More than likely due to fatigue and being surrounded by families and friends chattering about their excursion to the palace, but taking the U-Bahn back to the centre felt pretty lonely. I guess that's one of the main perils of solo travel; as liberating as it most definitely is, there are lonely moments from time to time.
Phil took the edge off. A coffee shop, bar and book shop located near Nachtsmarkt and the classic Cafe Sperl provided shelter from the small storm inside my head. I sipped coffee and flicked through the pages of my new book: CITIx60: Vienna.
Wandering back toward home was the necessary stop at the formidable Haus Des Meeres. I love an aquarium but ran out of time and was put of by the volume of children in the queue ahead of me so appreciated this WW2 structure from the outside. Since it's erection, the tower has held many jobs from fire control flak tower to hotel to aquarium. Crowning the tower is the slogan "Smashed to Pieces...In the Still of the Night" by Lawrence Weiner as a memorial against war and fascism. The original and actual meaning behind the slogan aside, the words emblazoned on this brutal and striking structure spoke to me on a different level.
Hunting for dinner that evening was a mission. This was totally my own fault because sometimes I'm so indecisive I annoy the shit out of myself. I Carusi shone like a beacon in the mist and I happily took rest at a table for one with red wine and pizza for company. And damn fine company they were too.

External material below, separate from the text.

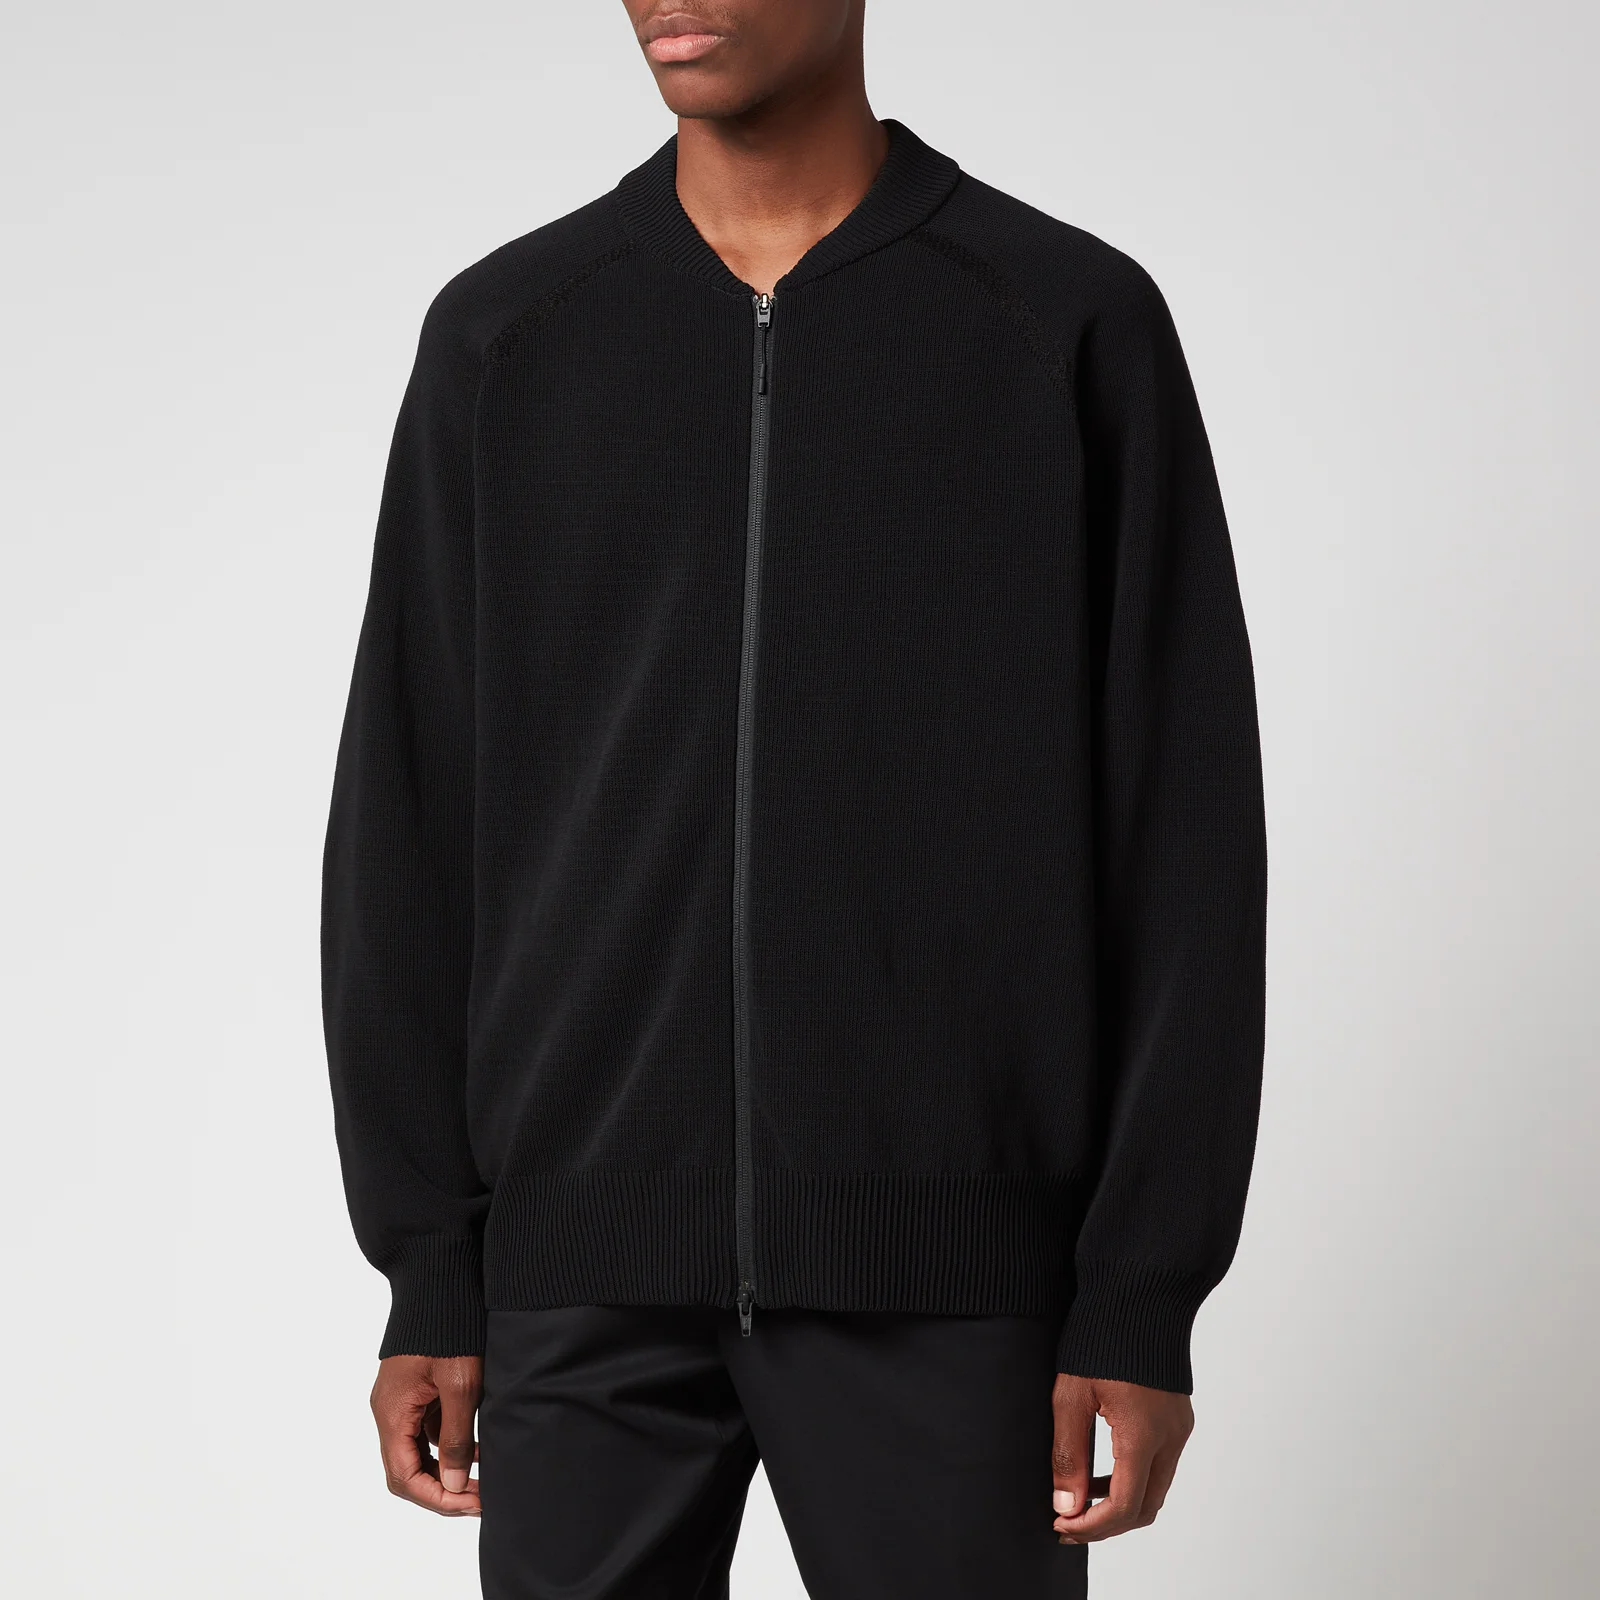 Y-3 Men's Full Zip Sweatshirt - Black Image 1

For reasons I can't be bothered to go into but nothing to do with this splendid city, the rest of the evening was a bit of a write off which frustratingly trickled over into my final day.
Sonntag //Day Three
Home time. But not without a few hours more to explore the city and one heck of a pep talk to get me going (thanks Mum!) I got my shit together and headed up to Wiener Riesenrad im Prater to watch other people have fun on the Crazy Mouse.

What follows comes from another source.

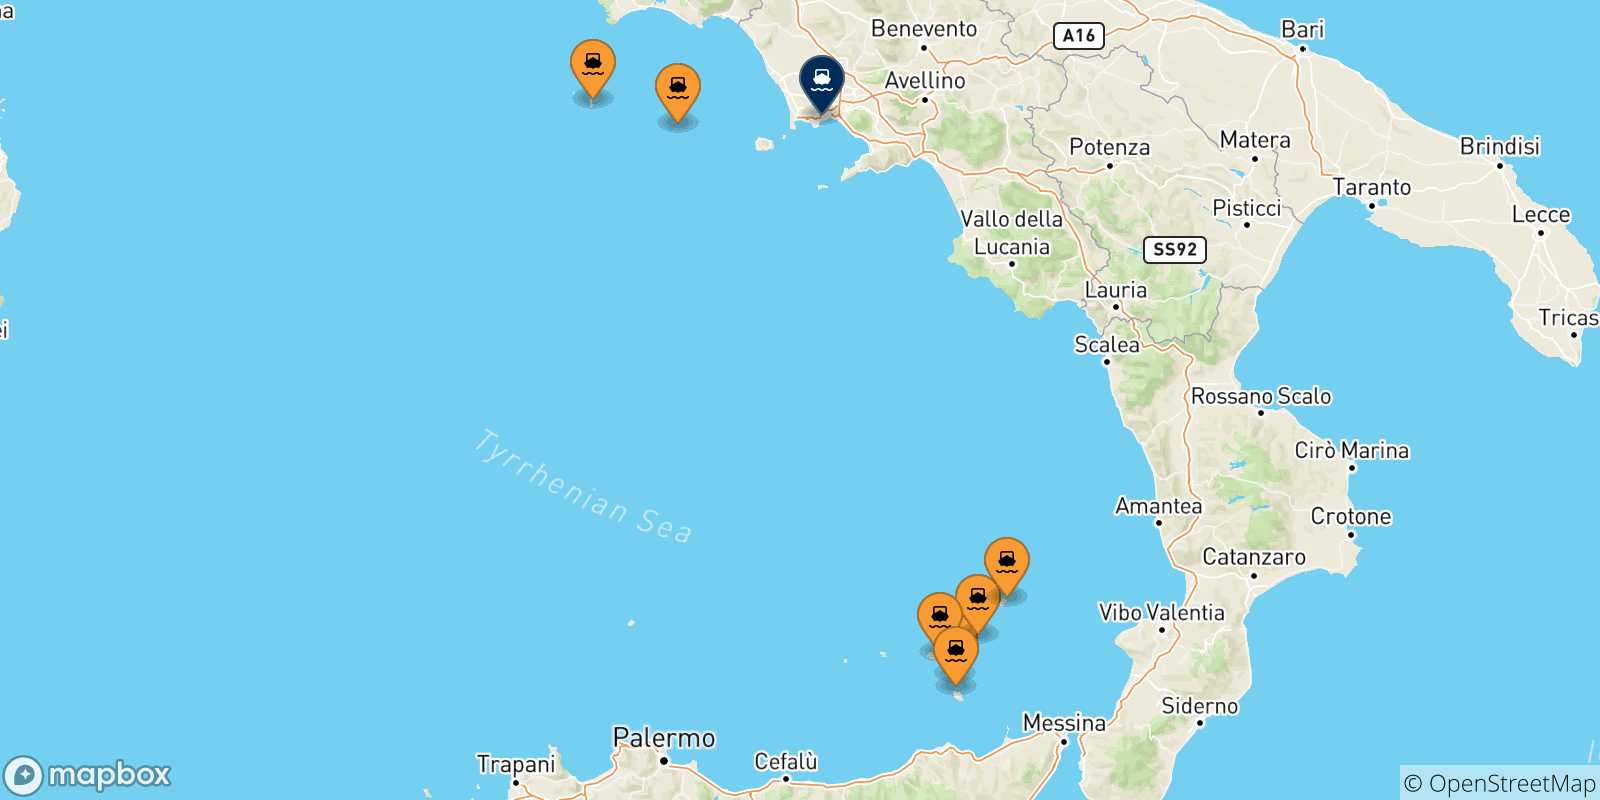 Mappa delle possibili rotte tra l'Italia e Napoli Mergellina

Don't judge, I really wasn't in the mood for anything but home. This turned out to more frustrating than I knew at the time.
Wiener Riesenrad im Prater is a big park full of fun and curiosities for all - from the giant ferris wheel and Prater Turm, to the nightclub and Sex Museum, and not forgetting the Republic of Kugelmugel. Missing out on wild shit like this is what happens when I don't research enough and/or my head's in a cloud.
Not even a latte in the smallest coffee shop in the world can comfort my FOMO right now, so I think it's fairly obvious a return visit in a better headspace has to be on the cards.
Vienna, you were lovely. I'll be seeing you.